A supercomputer’s “power” is measured in floating-point operations per second or FLOPS. For context, one of the first supercomputers (CDC 6600 in 1964) was able to perform one million floating-point operations per second or a performance in the megaFLOP range [2]. By the 1990s, we reached gigaFLOP performance (1000x better). Nowadays, the fastest supercomputers can achieve performance of petaFLOPS which, compared to megaFLOPS, is a performance improvement of 1 billion in about 60 years. Fugaku is considered the fastest supercomputer in the world, located in Japan, it has a performance of 442 petaFLOPS. The runner-up, Summit (located in Oak Ridge National Laboratory), can achieve 148 petaFLOPS, about three-times less than Fugaku [3]. Improvements occur every year, in both hardware and software, and many scientists take advantage of these incredible tools.

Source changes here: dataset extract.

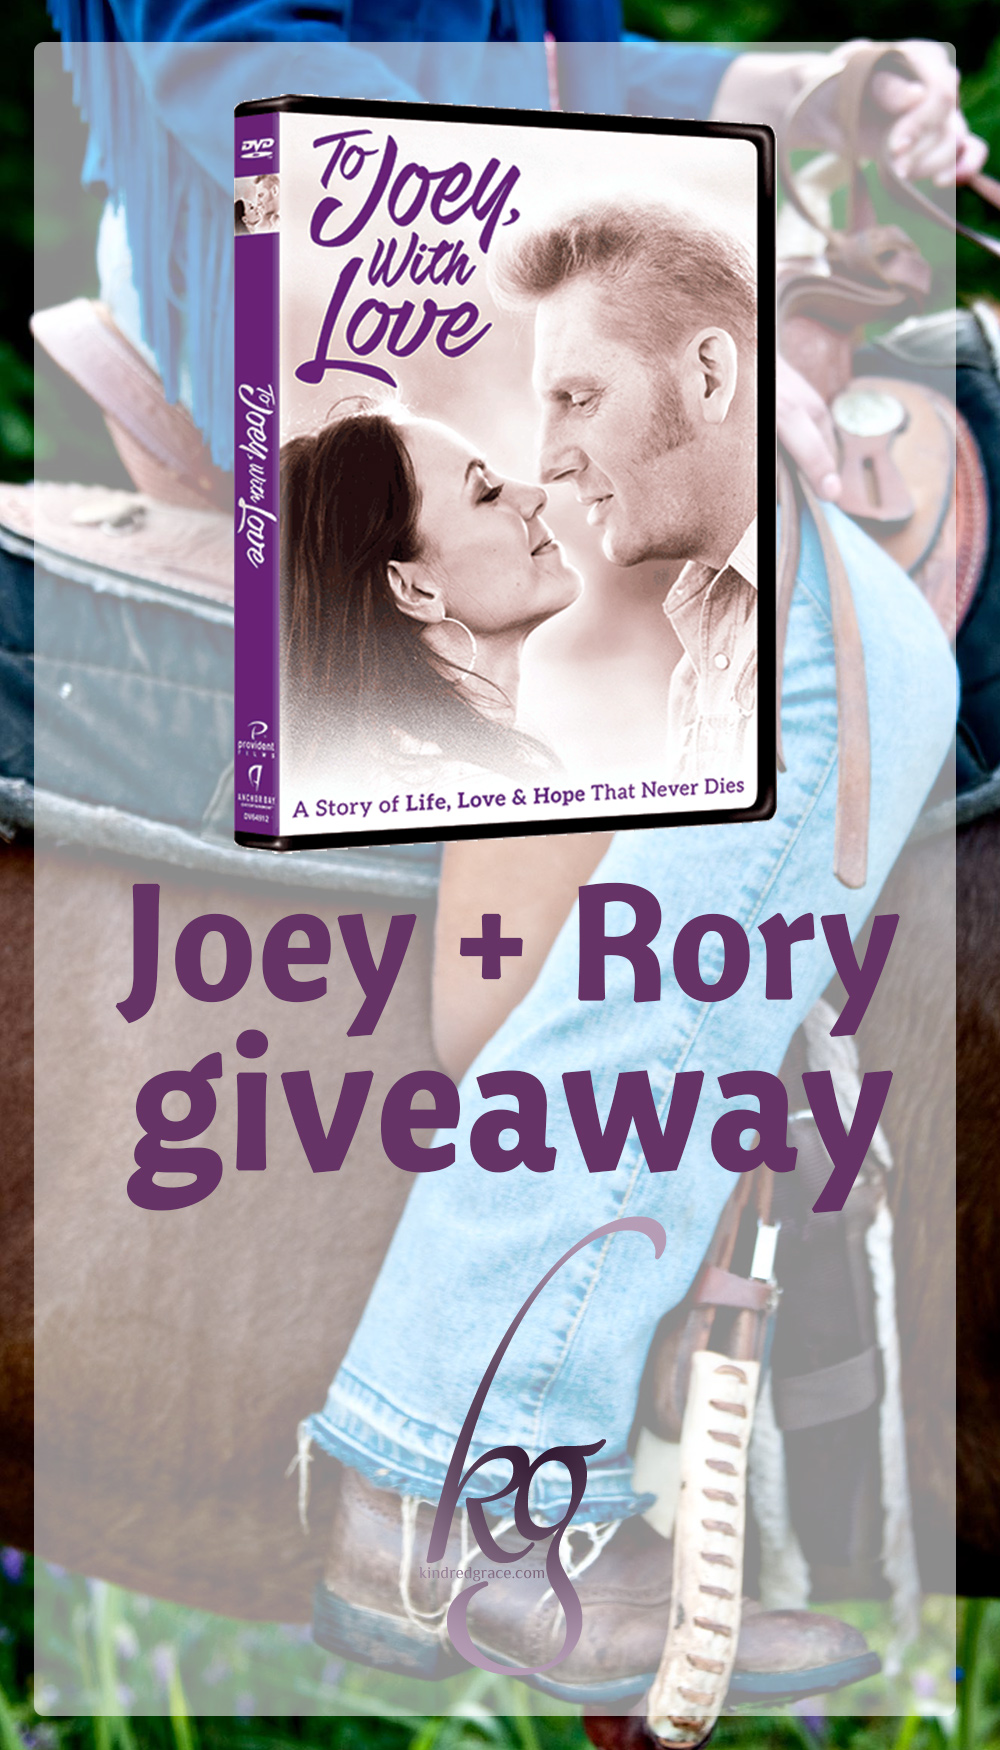 It’s not every day that I watch a movie already knowing how it will end. That’s why Rory’s words at the beginning of the film "To Joey, With Love" captured my attention: We believed God would give us a great story... And He did. (Enter to win your own copy of the DVD!)
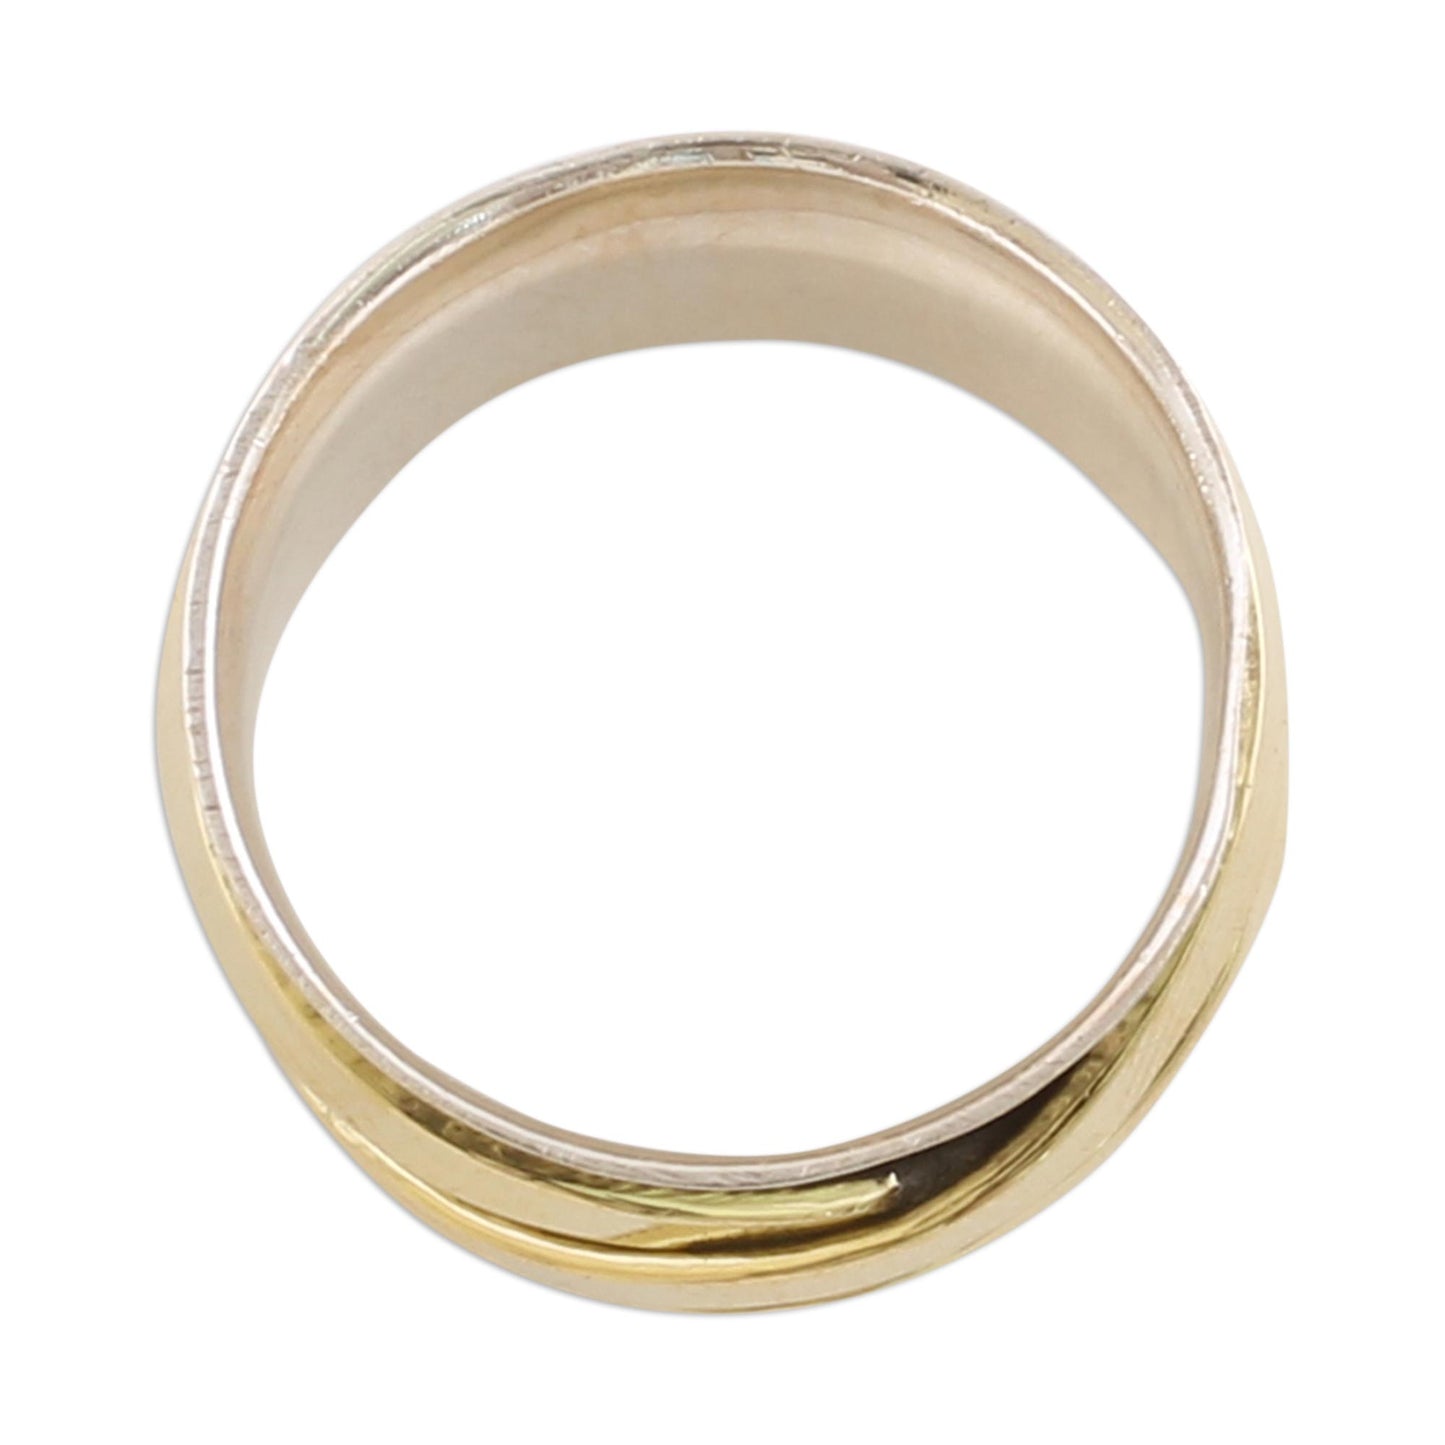 Crisscrossing Grace Silver Brass Band Ring

As an example, consider the millions of base pairs found in DNA. For a specific and rare cancer, the DNA sequences can be analyzed to identify the genetic mutation responsible for the ailment, but it requires lengthy sequence analyses. Cancer researchers at the Human Genome Center (HGC) at The University of Tokyo have worked on identifying genetic mutations on the rarest type of cancers, for which they typically have to analyze around 1,700 tumor samples as well as healthy germline genomes for a grand total of 4,000 samples. Fortunately, the HGC is equipped with SHIROKANE, which can handle accessing and storing large amounts of data while efficiently performing many computations. Researchers working with SHIROKANE have already made strides in identifying mutations for poorly understood cancers, such as liver cancers [4]. Other cancer-related research has been done through the Pan-Cancer Project, where many scientists and clinicians were tasked with creating a resource for primary cancer genomes. Much of the data analysis was done by the Barcelona Computing Center (BSC) by doing analyses such as: the detection of mutations, generation of related computing resources, and identification of non-functional gene copies [5].

Another example can be found at The University of Basel in Switzerland, where researchers searched for indications of “memory molecules.” The goal of this research is to get closer to identifying the molecular basis of memory capacity, in order to be able to create medicines to treat memory disorders, such as dementia. All of this preliminary work wouldn’t have been possible without the university’s supercomputer Piz Daint, which allowed the researchers to compute many functions, including one quadrillion statistical tests [6].

There’s an almost universal tradeoff between speed and generality that even supercomputers must face. While general-purpose supercomputers are highly flexible in what they can do, that flexibility comes with an efficiency cost. Supercomputers like D. E. Shaw’s Anton occupies the other side of this split. It is highly specialized for running molecular dynamics simulations, sacrificing general applicability for a significant gain in speed [7].

What Anton has that other supercomputers don’t is specialized hardware, known as application-specific integrated circuits (ASIC), built specifically for its scope of use, or application. Each of the ASIC cores is split into two subsystems. The first subsystem is designed to quickly calculate the Van der Waals and electrostatic forces that guide its simulations. The second, known as the “flexible” subsystem, is responsible for computing bond energies and fast Fourier transforms for long-range interactions [7].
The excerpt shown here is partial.